In that sad hymn, I felt the bitter sweet
Of the songs heard in childhood, which the soul
Learns from beloved voices, to repeat
To its own anguish in the days of dole;
A thought of the dear mother, a regret,
A longing for repose and love,—the whole
Anguish of distant exile seemed to run
Over my heart and leave it all undone:
When the strain ceased, it left me pondering
Tenderer thoughts and stronger and more clear;
These men, I mused, the self-same despot king,
Who rules in Slavic and Italian fear,
Tears from their homes and arms that round them cling.
And drives them slaves thence, to keep us slaves here;
From their familiar fields afar they pass
Like herds to winter in some strange morass.
To a hard life, to a hard discipline,
Derided, solitary, dumb, they go;
Blind instruments of many-eyed Rapine
And purposes they share not, and scarce know;
And this fell hate that makes a gulf between
The Lombard and the German, aids the foe
Who tramples both divided, and whose bane
Is in the love and brotherhood of men.
Poor souls! far off from all that they hold dear,
And in a land that hates them! Who shall say
That at the bottom of their hearts they bear
Love for our tyrant? I should like to lay
They've our hate for him in their pockets! Here,
But that I turned in haste and broke away,
I should have kissed a corporal, stiff and tall,
And like a scarecrow stuck against the wall.
Note {1}: Alessandro Manzoni.
I could not well praise this poem enough, without praising it too much. It depicts a whole order of things, and it brings vividly before us the scene described; while its deep feeling is so lightly and effortlessly expressed, that one does not know which to like best, the exquisite manner or the excellent sense. To prove that Giusti was really a fine poet, I need give nothing more, for this alone would imply poetic power; not perhaps of the high epic sort, but of the kind that gives far more comfort to the heart of mankind, amusing and consoling it. “Giusti composed satires, but no poems,” says a French critic; but I think most will not, after reading this piece, agree with him. There are satires and satires, and some are fierce enough and brutal enough; but when a satire can breathe so much tenderness, such generous humanity, such pity for the means, at the same time with such hatred of the source of wrong, and all with an air of such smiling pathos, I say, if it is not poetry, it is something better, and by all means let us have it instead of poetry. It is humor, in its best sense; and, after religion, there is nothing in the world can make men so conscious, thoughtful, and modest.
A certain pensiveness very perceptible in “St. Ambrose” is the prevailing sentiment of another poem of Giusti's, which I like very much, because it is more intelligible than his political satires, and because it places the reader in immediate sympathy with a man who had not only the subtlety to depict the faults of the time, but the sad wisdom to know that he was no better himself merely for seeing them.
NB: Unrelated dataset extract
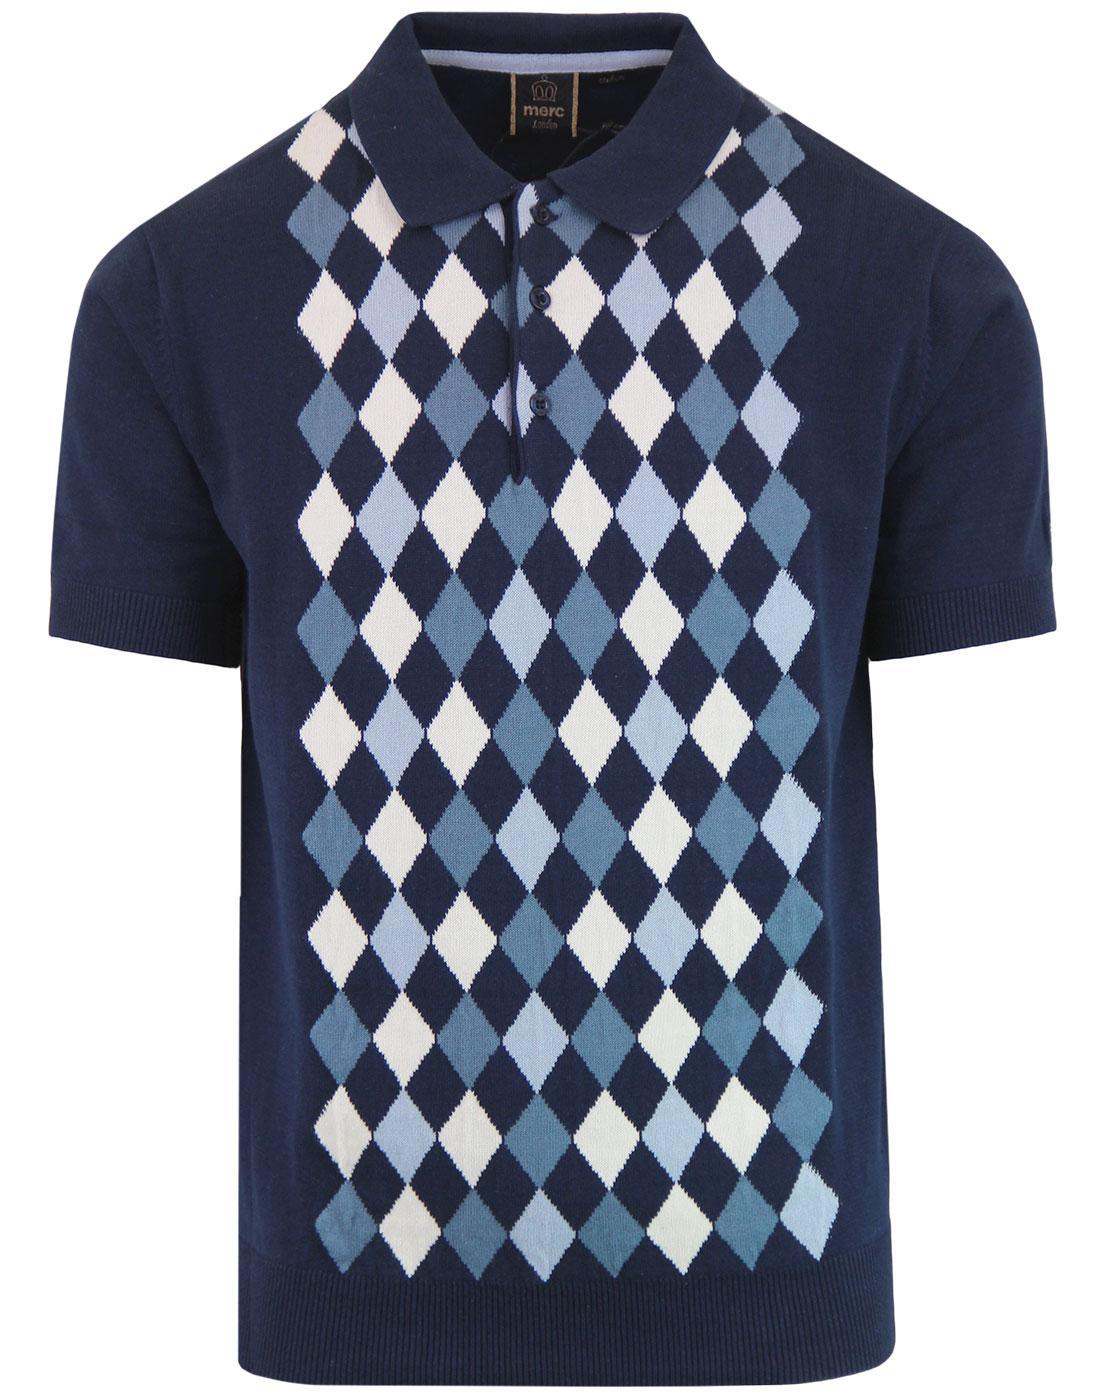 Echo MERC 1960s Mod Argyle Knitted Polo Shirt NAVY

The poem was written in 1844, and addressed to Gino Capponi, the life-long friend in whose house Giusti died, and the descendant of the great Gino Capponi who threatened the threatening Frenchmen when Charles VIII occupied Florence: “If you sound your trumpets,” as a call to arms against the Florentines, “we will ring our bells,” he said.
Giusti speaks of the part which he bears as a spectator and critic of passing events, and then apostrophizes himself:
Who art thou that a scourge so keen dost bear
And pitilessly dost the truth proclaim,
And that so loath of praise for good and fair,
So eager art with bitter songs of blame?
Hast thou achieved, in thine ideal's pursuit,
The secret and the ministry of art?
Did'st thou seek first to kill and to uproot
All pride and folly out of thine own heart
Ere turning to teach other men their part?